By now everyone was out of the hole, laughing, and Rin came up to Sesshomaru to pry the Pokemon off of his shoulder. She contained her laughter, somehow, and patted the pokemon on its head.

"Lord Sesshomaru, doesn't it look like an egg?"

"…I suppose…"

"Then it's a baby! Lord Sesshomaru, it can be my baby, right? I'll be the mama, and you can be the-"

"You can't keep it, Rin."

That said, he ran off before she could say anything that might make him blush madly again…

…in a manly way.

END DREAM

Sesshomaru jumped up away from the tree, gasping and sweating cold.

"God, that was horrible…"

Thankfully, neither Rin nor Jaken had awoken because of him, and he immediately decided he was never going to sleep again for as long as he lived.
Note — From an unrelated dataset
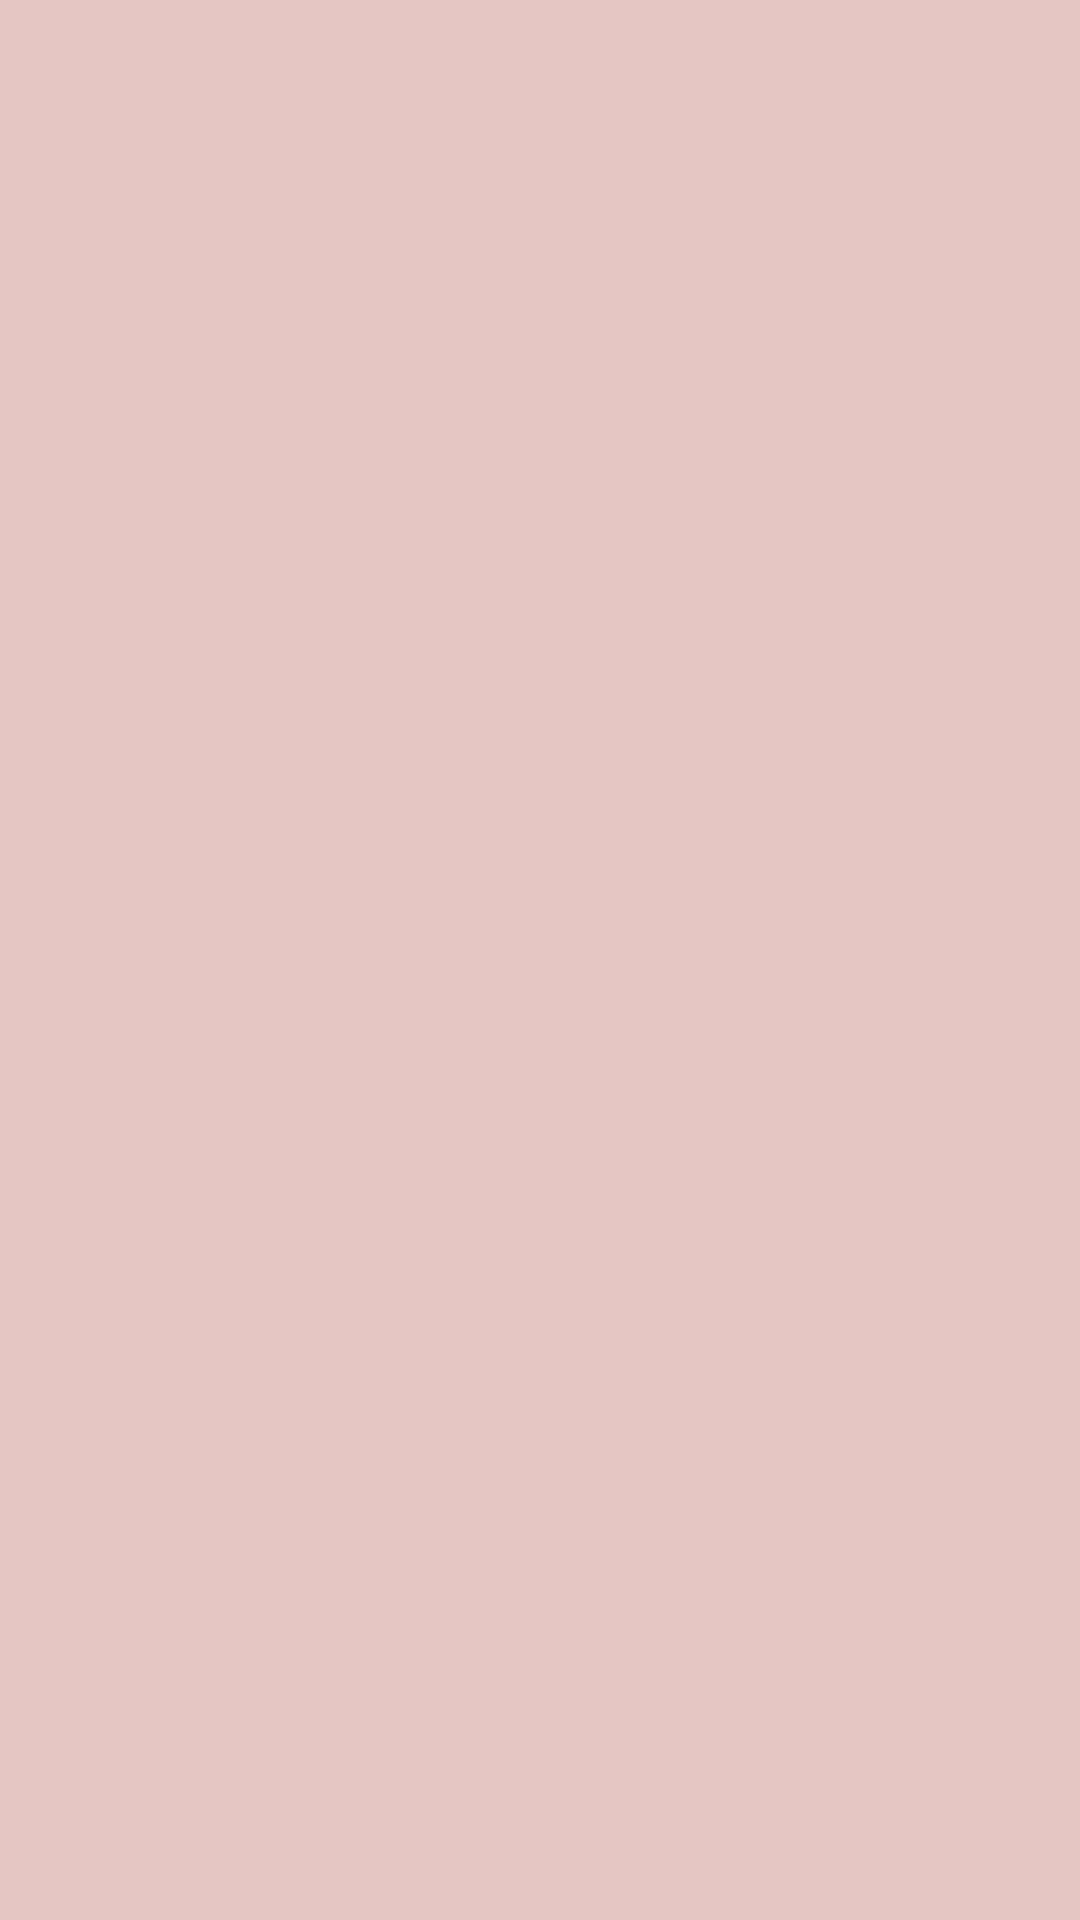 Fondode Pantalla Para Teléfono De Color Rosa En Polvo Sólido. Fondo de pantalla

Because if he did, he would either be giving the egg-thing piggyback rides in his demon form or letting Rin call him 'honey bun' at the ripe old age of seven.

He shivered.


sorcerousfang: I'm so cruel. I just dissed fluffy and anyone who likes that pairing all in one chapter.

fluffyxrin-people: flames for you!

sorcerousfang: -opens flames vault and lets them fly in joyously- I knew this would come in handy ^^.

fluffyxrin-people: curse your flame vault!